From one-trade probability to time

Fill probability per trade is not yet what the EV needs, because EV is per unit time. Convert it. Count the total number of takers per minute, which gives the arrival rate of trades. With the per-trade fill probability from the CDF and the trade arrival rate, compute the average number of trades you must wait for before one is large enough to fill you, then convert that count of trades into an expected wait time using the arrival rate. Now you have an expected time to fill, which turns the EV into profit per unit time and lets you compare quotes at different depths on the same footing.

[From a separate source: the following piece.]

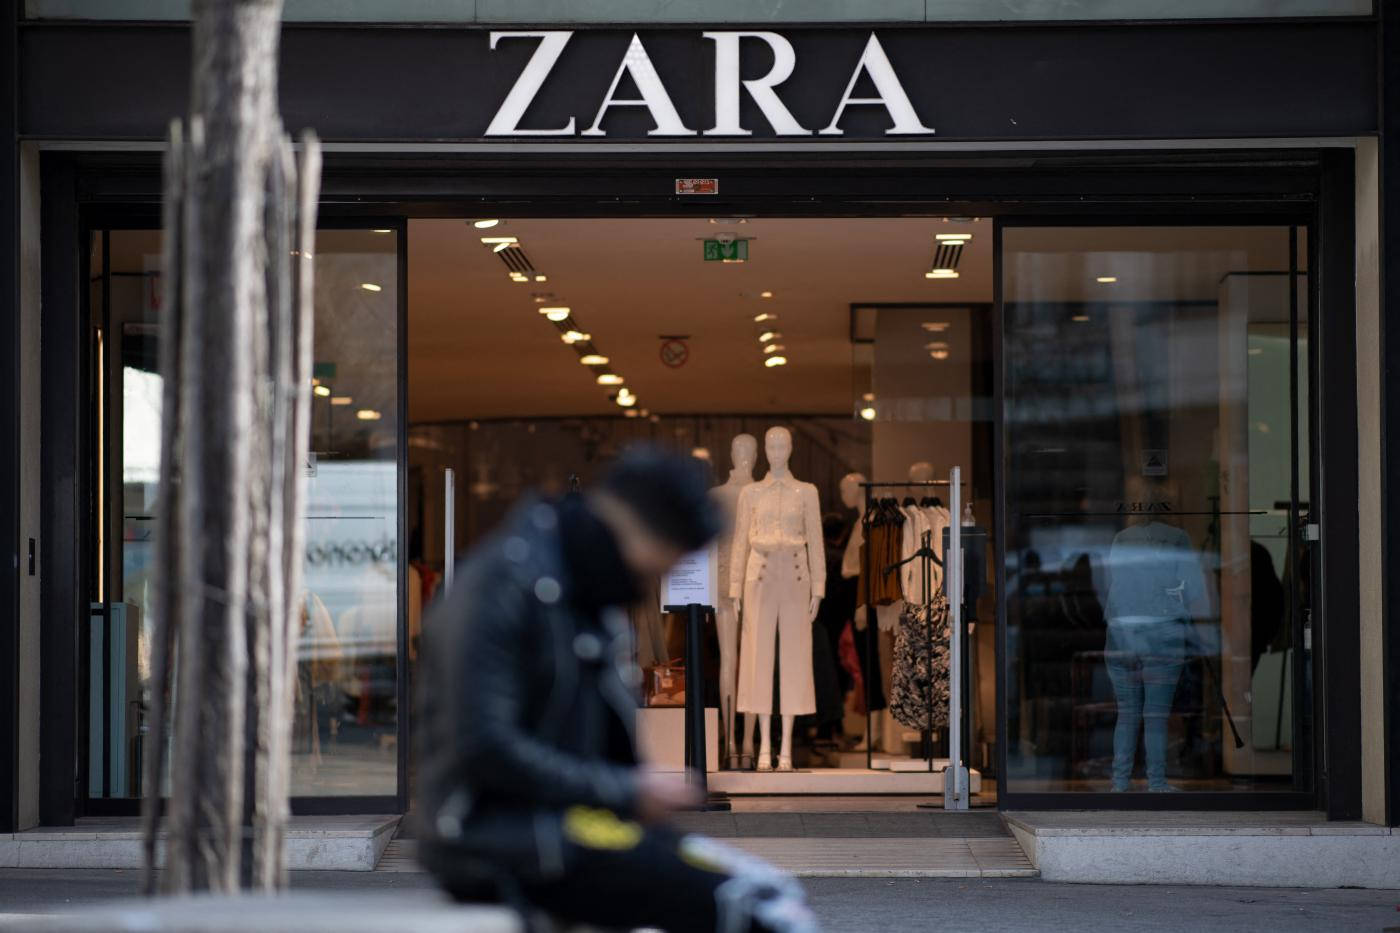 Zara Clothing Store Background
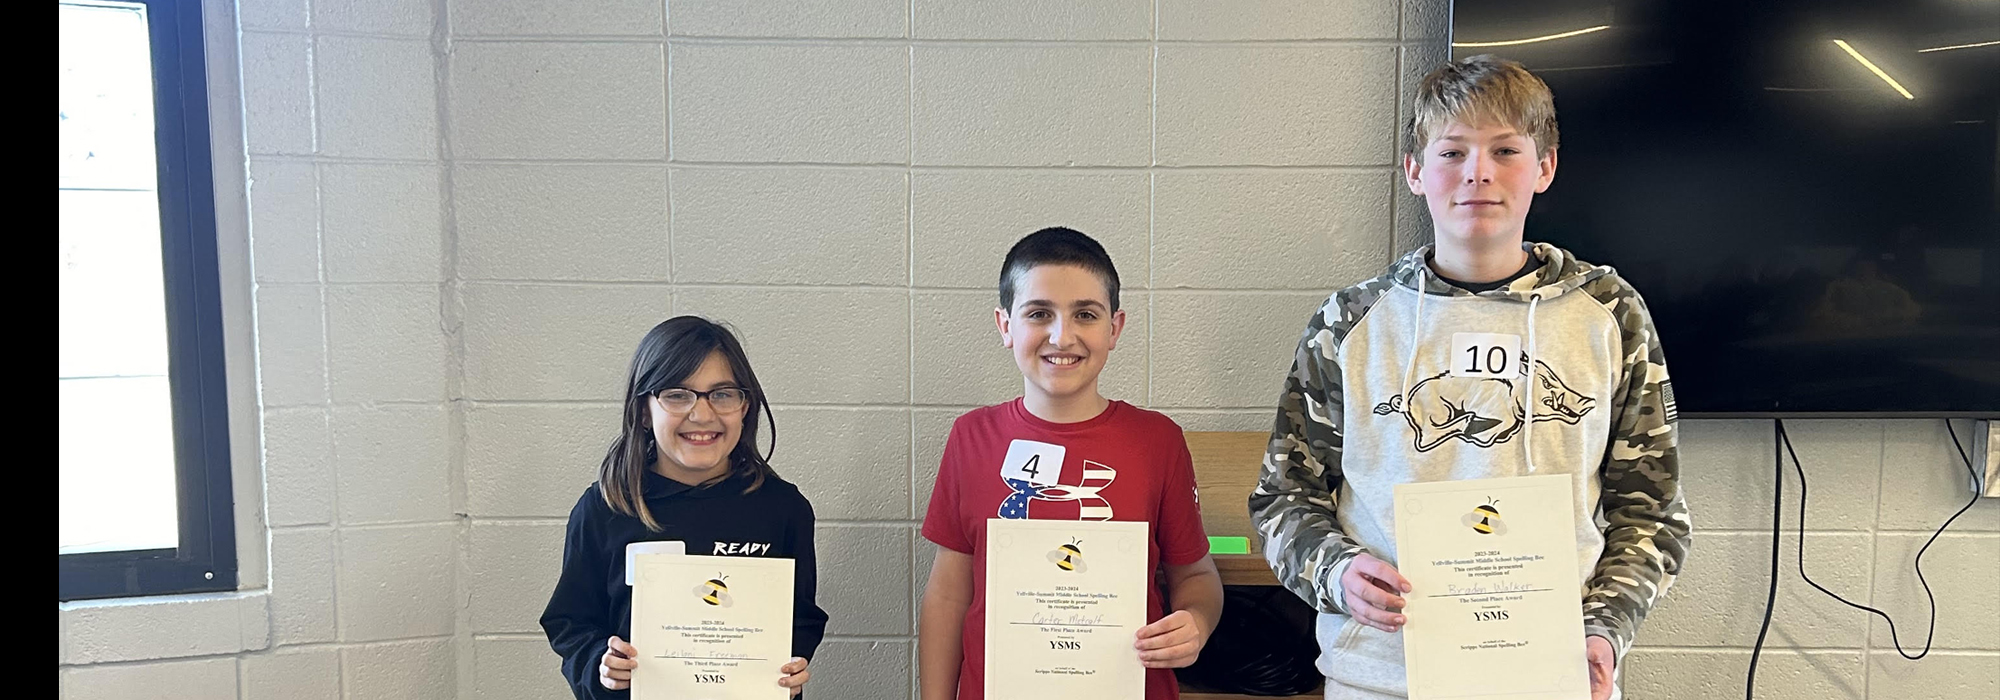 Middle School Spelling Bee Winners

The full quoting model optimizes the PnL times fill probability on both sides of the book independently, a buy PnL with a buy fill probability and a sell PnL with a sell fill probability, since the quotes are not symmetric once skew enters.

The moving-target caveat

The estimate rests on assumptions that drift. The mid price wanders, so your distance to the mid constantly changes, which means your fill probability is not static, it moves as the price moves relative to your resting order, and a snapshot estimate goes stale. The one-big-order assumption overstates fills, since real fills often come from several smaller trades chipping at the queue rather than a single sweep, so the CDF read is an approximation. And the taker size distribution itself is non-stationary, clustering and spiking, so the hour of history you fit the CDF on may not describe the next hour. You can build an order book simulator from these statistical properties to stress the estimate, but the fill probability remains a model of a moving target, useful for placing quotes and wrong if you trust it as exact.

Visualizing fill probability

KEY POINTS

A quote has two unknowns: PnL if filled (easy, the distance to fair value minus fees) and probability of fill (hard). The EV is their product, and it peaks between quoting too wide and too tight.
Estimate fill probability from taker order sizes: collect an hour of trades, build the CDF of taker sizes, and read off the probability that the next trade is at least the liquidity ahead of you plus your own size.
The model assumes one big order wipes out everything in front of you and fills you in the same sweep. Deeper placement means more liquidity ahead, a larger order needed, and lower fill probability.
Convert per-trade probability to time: use the taker arrival rate (takers per minute) to get the average number of trades to wait, then the expected time to fill, so EV becomes profit per unit time.
The full model optimizes PnL times fill probability on each side independently, since skew makes the quotes asymmetric.
Caveats: the mid wanders so fill probability is not static; the one-big-order assumption overstates fills; and the taker size distribution is non-stationary, so an hour of history may not describe the next hour.

References

A note on AI. The ideas, research, analysis, and conclusions in this article are my own. I use AI tools to help with editing and wordsmithing, because English is not my first language, and I am not shy about that. AI-generated ideas and AI-assisted writing are not the same thing: the first is empty slop from a generic prompt, the second is a tool for communicating years of real research more clearly. Judge the work by its substance, not by whether software helped polish the prose.